Note, the result of executing the code above is as expected, simply "RUN" and "WALK".
edit
For those of you who are interested, this is how the relevant code turned out. It's being used on a google app engine application. You should find the code is considerably tidier than my rough example pattern. It works much better than my prior convoluted if/else tree.
def GetAssignedAgent(self):
tPaypal = PaypalOrder() #Parent class for this function
tAgents = []
Switch = {}
#These are the different methods for the actions to take
Switch[(0,0)] = tPaypal.AssignNoAgent
Switch[(0,1)] = tPaypal.UseBackupAgents
Switch[(0,2)] = tPaypal.UseBackupAgents
Switch[(1,0)] = tPaypal.UseFullAgents
Switch[(1,1)] = tPaypal.UseFullAndBackupAgents
Switch[(1,2)] = tPaypal.UseFullAndBackupAgents
Switch[(2,0)] = tPaypal.UseFullAgents
Switch[(2,1)] = tPaypal.UseFullAgents
Switch[(2,2)] = tPaypal.UseFullAgents
#I'm only interested in the number up to 2, which is why
#I can consider the Switch dictionary to be all options available.
#The "state" is the current status of the customer agent system
tCurrentState = (tPaypal.GetNumberofAvailableAgents(),
tPaypal.GetNumberofBackupAgents())
tAgents = Switch[tCurrentState]()
Consider this idiom instead:
>>> def run():
... print 'run'
...
>>> def walk():
... print 'walk'
...
>>> def talk():
... print 'talk'
>>> switch={'run':run,'walk':walk,'talk':talk}
>>> switch['run']()
run
I think it is a little more readable than the direction you are heading.
edit
And this works as well:
>>> switch={0:run,1:walk}
>>> switch[0]()
run
>>> switch[max(0,1)]()
walk
You can even use this idiom for a switch / default type structure:
>>> default_value=1
>>> try:
... switch[49]()
... except KeyError:
... switch[default_value]()
Or (the less readable, more terse):
>>> switch[switch.get(49,default_value)]()
walk
edit 2
Same idiom, extended to your comment:
>>> def get_t1():
... return 0
...
>>> def get_t2():
... return 1
...
>>> switch={(get_t1(),get_t2()):run}
>>> switch
{(0, 1): <function run at 0x100492d70>}
Readability matters
It is a reasonably common python practice to dispatch to functions based on a dictionary or sequence lookup.

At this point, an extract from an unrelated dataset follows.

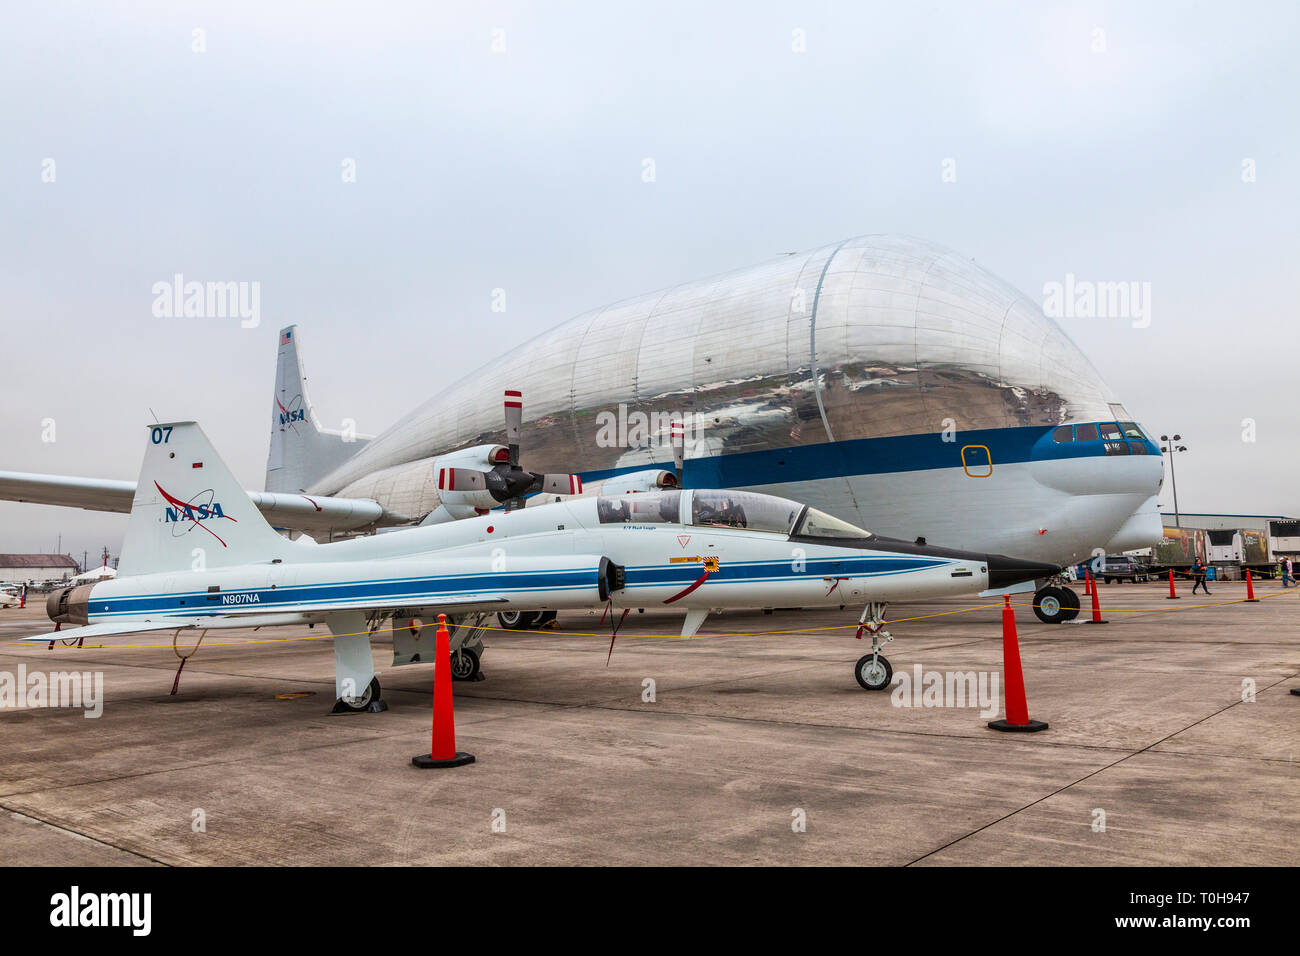 NASA Super Guppy Turbine cargo plane and NASA T-38 Talon at 2018 Wings over Houston Air Show in Houston, Texas. Blue Angels Airshow. Stock Photo

Given your use of indices for lookup, an list of lists would also work:
switch_list = [[run, None], [None, walk]]
...
switch_list[zero_tuple]()
What is considered most Pythonic is that which maximizes clarity while meeting other operational requirements. In your example, the lookup tuple doesn't appear to have intrinsic meaning, so the operational intent is being lost of a magic constant. Try to make sure the business logic doesn't get lost in your dispatch mechanism. Using meaningful names for the constants would likely help.